Figure 6 shows the load–displacement curves of the unanchored and anchored samples of granite with four different inclination fissures containing αs = 30°, 45°, 60°, and 75°. Among them, the blue curves are the load–displacement curves of each inclined fissure sample under the unanchored condition, while the black color is the result of the sample under anchoring.
Through the comparison of the sample compression process, the results show a strong consistency in the trend of the load–displacement results of the indoor tests and numerical simulation samples, which further validate the numerical model. It can be clearly observed that the ground curves of the anchored samples of each inclined fissure are above the unanchored samples. The curves of each inclined fissure sample under both indoor test conditions and numerical simulation conditions mainly go through the following stages: initial compaction stage, linear elasticity growth stage, nonlinear deformation stage, and post-peak damage stage. The experimental results show that as αs increases from 30° to 75°, the peak load of the anchored sample rises from 301.07 kN to 402.12 kN, representing a 33.5% increase. As αs increases, the peak load levels of anchored samples are increased by 62.72%, 47.97%, 40.99%, and 15.58% compared to unanchored samples.

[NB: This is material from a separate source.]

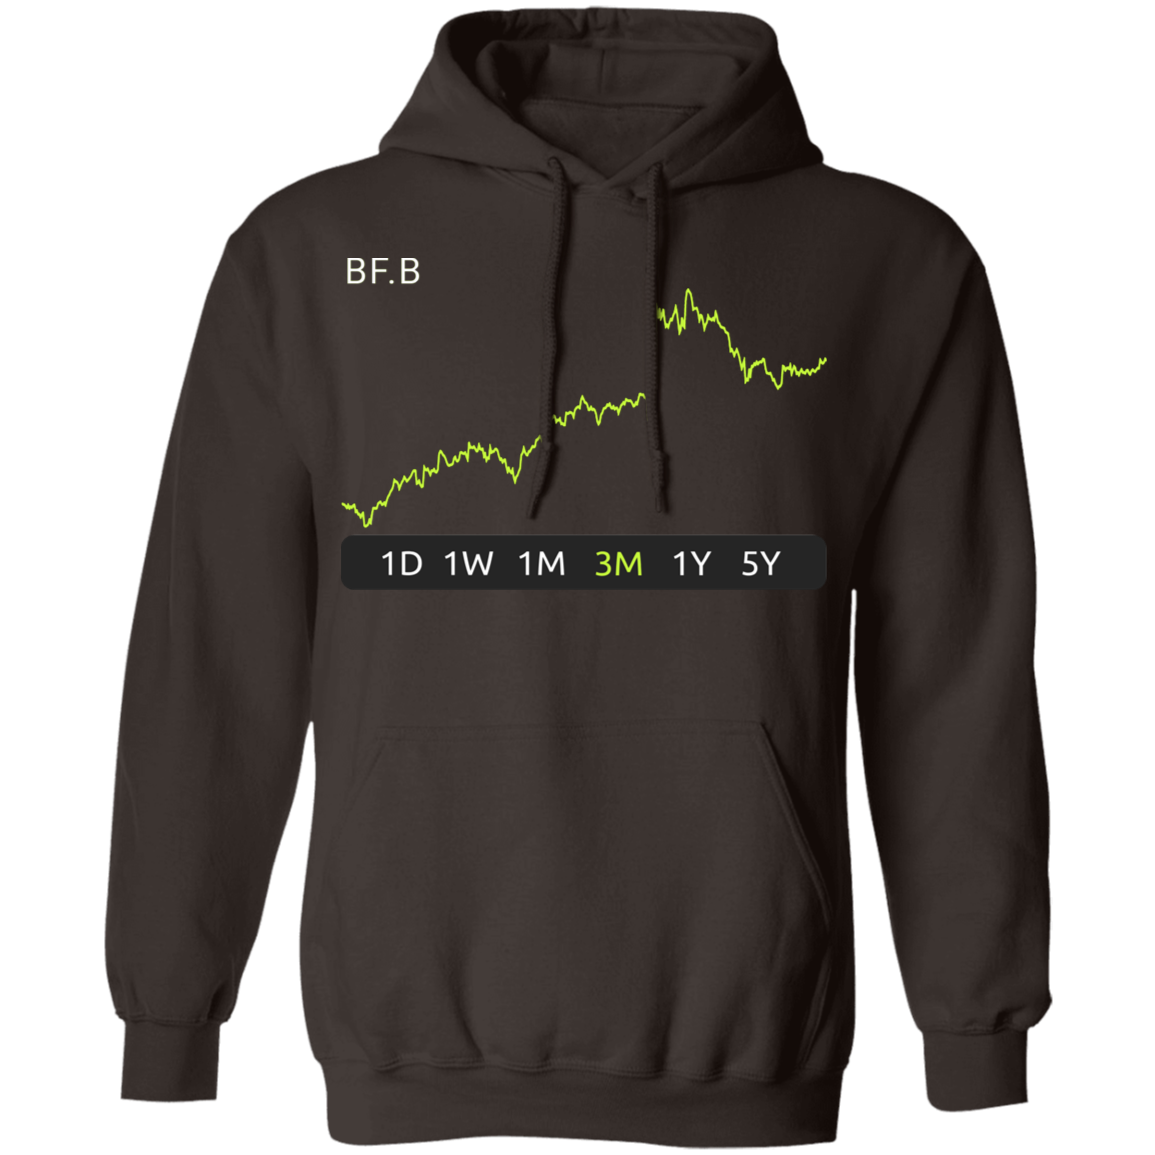 BF.B Stock 3m Pullover Hoodie
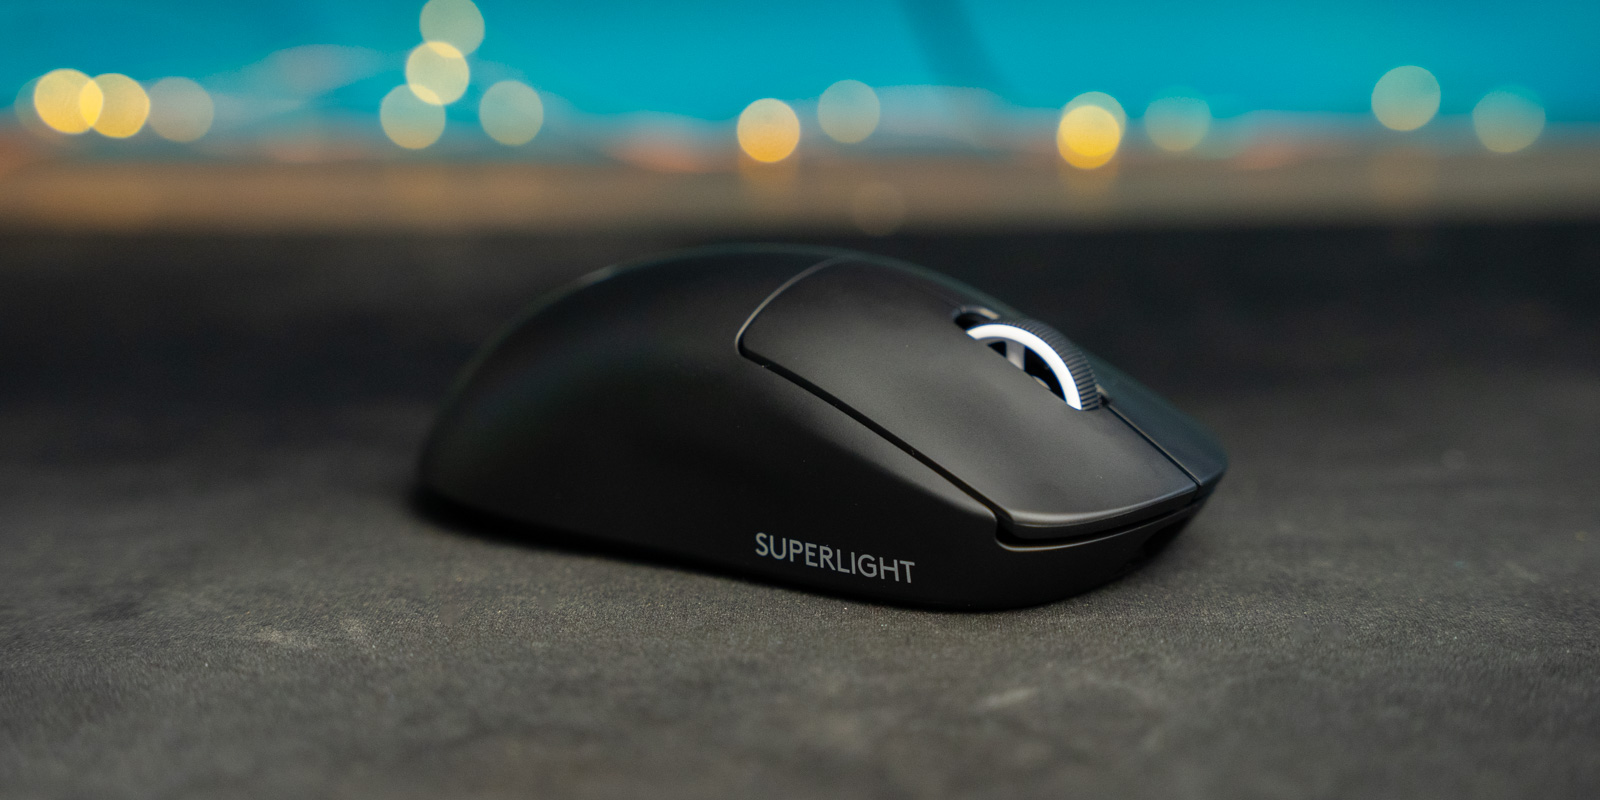 Superlight 2 review: You don't need it but you will still want it

3.2. Macroscopic Rupture Models

Then, we analyzed the displacement field, rupture surface, and fragmentation field by comparing the displacement field, rupture surface, and fragmentation field of anchored samples containing different αs fissures based on indoor tests and numerical simulation conditions.
(1)
Comparison of displacement field features
Figure 7 illustrates the displacement field results of anchored samples containing different αs fractures based on both indoor tests and numerical simulation conditions. It can be observed that the displacement field results of the test and simulated samples are highly similar. Specifically, the cleft of the sample becomes the demarcation of the displacement field for both the test and simulation results, which means that the tip region of the cleft undergoes a large displacement. The presence of cracks induces an uneven stress distribution within the sample, resulting in localized displacement and deformation. Specifically, stress concentrations form at the crack tips, which in turn, drive crack propagation in these regions. This process cumulatively leads to the overall damage of the sample.
(2)
Comparison of fragmentation fields
Figure 8 presents the macroscopic damage patterns of unanchored and anchored samples of the fissures containing different αs. Figure 9 presents the comparative results of the fragmentation fields of the unanchored and anchored samples under numerical simulation conditions. The results are similar to those of the simulated samples; the fragmentation field of the unanchored sample is concentrated at the tip of the fissure and distributed along the diagonal of the sample, which shows an obvious shear damage pattern. In contrast, the fragment length of the anchored sample is more uniformly distributed, which implies that the anchor structure improves the stress distribution inside the granite sample. This results in a larger and more evenly distributed stress area within the samples, thereby enhancing their load-bearing capacity.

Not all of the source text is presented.